As if mirroring her dark mood, the winds off the sea picked up in harsh bursts. The storm that had been rolling in, bringing in the fresh smell of the wet sea that Ciardis so loved at the same time, broke at that point.

Harsh rain began to slam against her back and almost took the servant off his feet as he faced the winds head on while trying to maintain his position in front of her.

When lightning struck so close to the tower that she could see the arc of bright energy out of the corner of her eye, Ciardis smiled and he jumped like a frog into the air.
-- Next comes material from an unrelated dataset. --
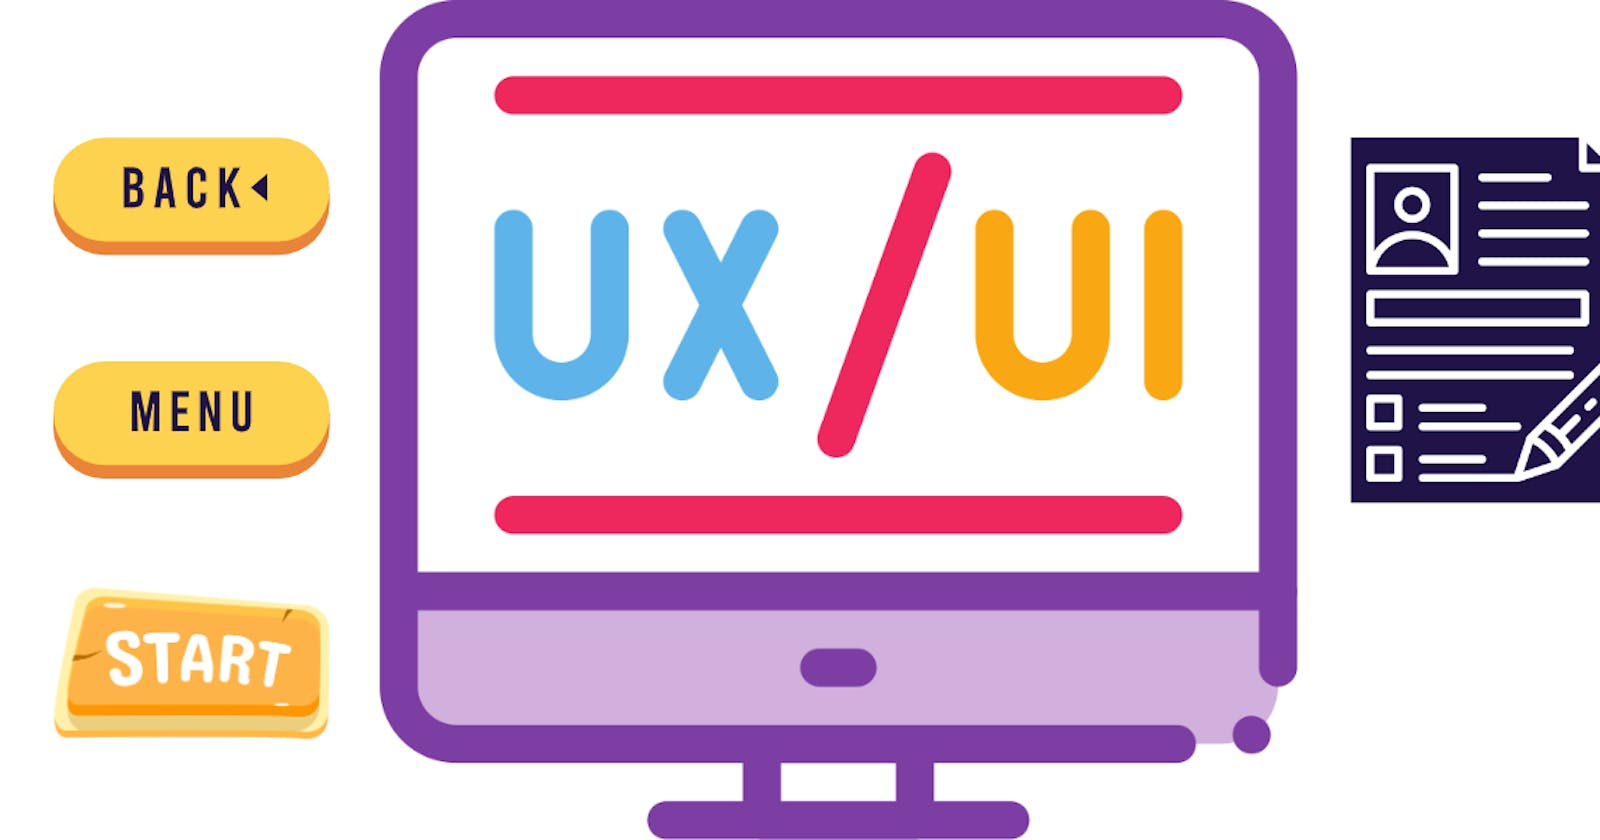 What is UI and UX?

To his credit, he landed back in the place where he had started, but that apparently was the end of his deference to courtesy. The man was halfway back down the stairs before he halted, and very reluctantly turned to look back up at her while he gripped the remaining stair rail with a hand so tight that his flesh was ghostly.
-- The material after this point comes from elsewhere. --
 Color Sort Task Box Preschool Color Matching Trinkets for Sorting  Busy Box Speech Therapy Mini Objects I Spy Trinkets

Ciardis raised an eyebrow. She wasn’t entirely sure if he was waiting because he couldn’t move or because he needed more from her. He’d delivered his news after all. But she also knew that she wouldn’t get her answers by deferring to what protocol demanded of her in this situation. Which was waiting for him to say something. She could see from the dull glaze in his eyes and the way he opened his mouth then closed it again, that he was in shock.

So she said kindly, “You’ve told me your news, now you may go.”

“May I take your response to the prince?” the man finally said as gracefully as he could under pressure. His words were a little frightened, but his delivery was fine.

“Where is he?” Ciardis fairly shouted as another roll of thunder sounded over the both of them.

The servant said something then and nature drowned him out.

She asked again, but apparently he heard something entirely different. A question in her words about the person, rather than a clarification on where the person was.

Ciardis was highly frustrated. Because of fear and perhaps protocol, he wouldn’t come any closer to her.

This is ridiculous, she grumbled as she prepared to make her way across the tower. Keeping a wary eye on any stray fingers of lightning in the air.

But then just as she put one foot in front of the other, suddenly the thunder and high winds died.

It was like they had never been there in the first place, and the servant was already readying his reply to their previously drowned out conversation.

She didn’t have to struggle to hear what he was saying now.

He still began with a shout, “No, milady. The prince heir. The prince heir!”

She nodded, “I understand.”

“Not the diabolical one,” he was saying as he shivered in the now cold and still air.

She sucked in a breath but didn’t reprimand him. She couldn’t. He was right.

Besides, he realized his mistake all too quickly in the empty silence that followed.

Ciardis wanted to reassure him that it was all right. She put false cheer in her voice, but the words weren’t really for him. They were for her.

“Thanar’s been called worse,” she said cheerfully as the newly soft wind buffeted her.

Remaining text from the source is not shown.